Taking into account characterization of multiple correlations and dynamic randomness of hoisting construction risk, this study, from the perspective of evolution mechanism of multiple correlations, constructs a two-stage model for risk probability evaluation that considers multiple correlations and dynamic randomness. Moreover, an empirical research is launched to verify validity and superiority of the model. The results show that: (1) risk probability presented a seasonal, dynamic change trend, which meant rising first, then falling, and finally keeping rising, thus regular inspection and dynamic monitoring are required in hoisting construction in these regions in the first three quarters. (2) the influence of each risk factor demonstrated dynamic changes, and risk sources that need to prevent and defuse at different time points are varied, thus targeted measures catering to different risk sources are required. (3) the degree of risk controllability is in dynamic change, but classification of cause or result in the region at the period remains the same, thus necessitating targeted response measures aimed at various risk types. (4) Individual risks like hoisting job climated break out periodically, so the law of risk occurrence should be mastered and relative precautionary measures should be taken in advance.

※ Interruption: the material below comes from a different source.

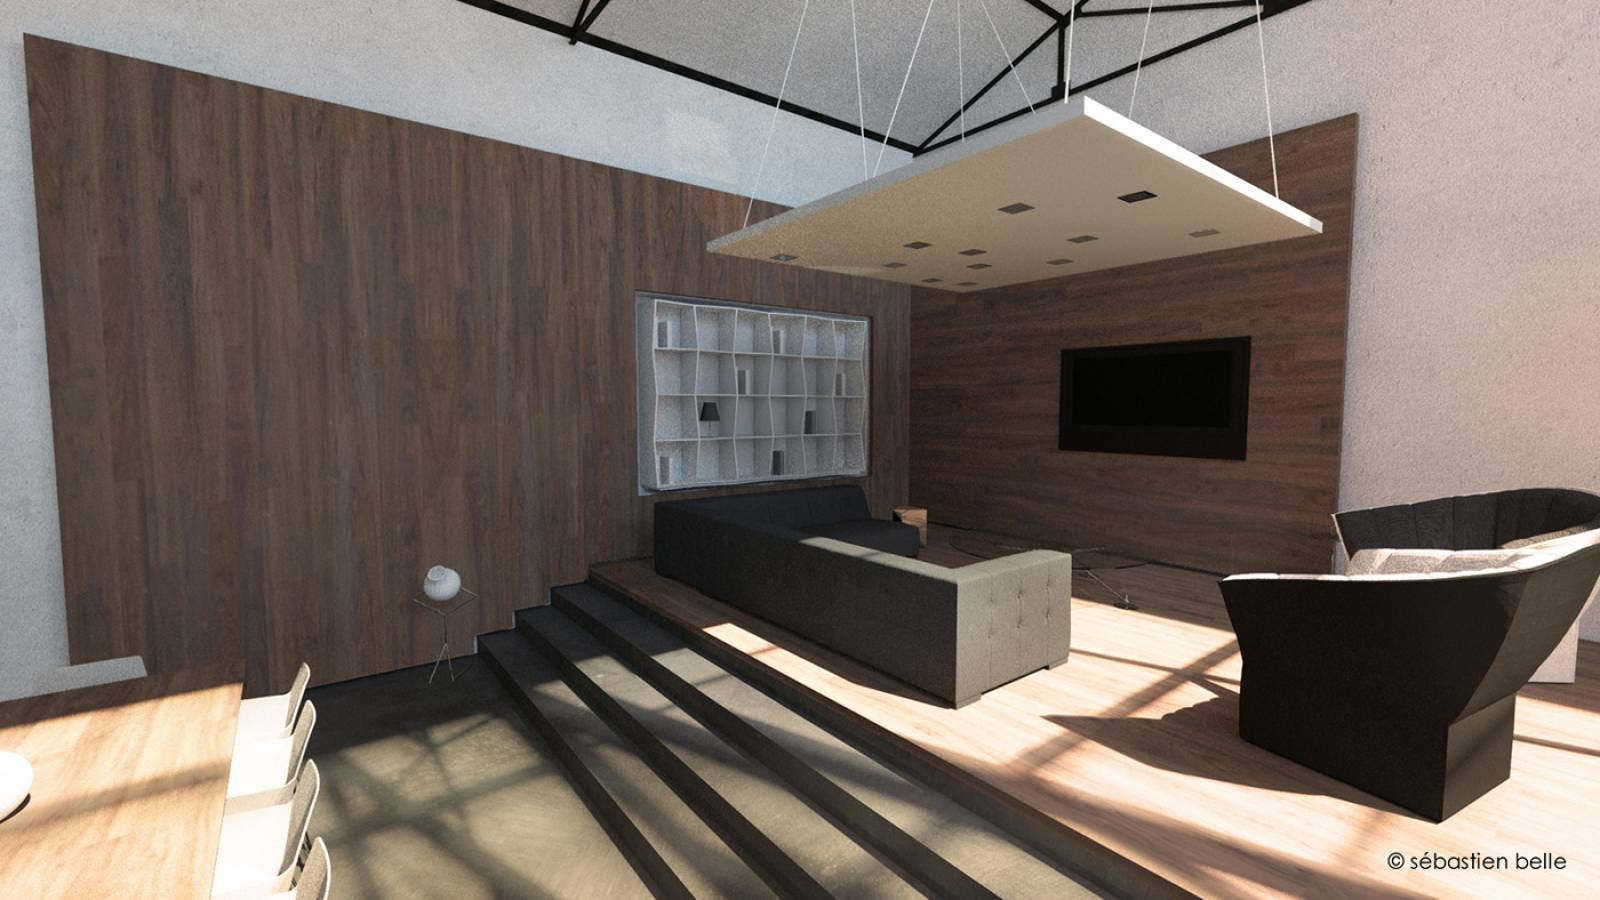 Am nagement loft s lyon en rh ne architecte a2 sb for College lasalle design interieur

Compared with existing studies, this study contributes three findings: First, it takes into account characterization of multiple correlation and dynamic randomness caused by superposition of multi-system correlations and multi-risk correlations. At the same time, it reliably obtains multi-source heterogeneous information and scientifically quantifies it. Second, the model helps effectively integrate multi-source heterogeneous information such as dynamic random information of system correlation, risk correlation, and risk probability. Obtained evaluation results are more scientific and interpretable and they provide important technical support for dynamically judging risks change of hoisting construction. Third, with the aid of results visualization, decision makers in hoisting construction stage shall intuitively analyze and judge root causes of risk, risk controllability and its dynamic evolution path, so as to offer necessary basis and guidance for effective risks prevention and resolution. Furthermore, when quantifying characterization of multiple correlation, this study obtains initial correlation information via collective consultation on conference of experts, which means subjectivity exists while advantages of expert experience are utilized maximally. Therefore, in the future, more attention will be placed on deeply mining system correlation mechanism and risk correlation mechanism of complex systems, and exploring integrated application of technologies including cellular automata, machine learning, text topic mining and others. The information must be acquired by combining subjective expert judgment and objective evidence description, and measures can be applied to explain accurate and rational correlation information, in order to further improve scientificity of risk probability evaluation process of hoisting construction and accuracy of evaluation results.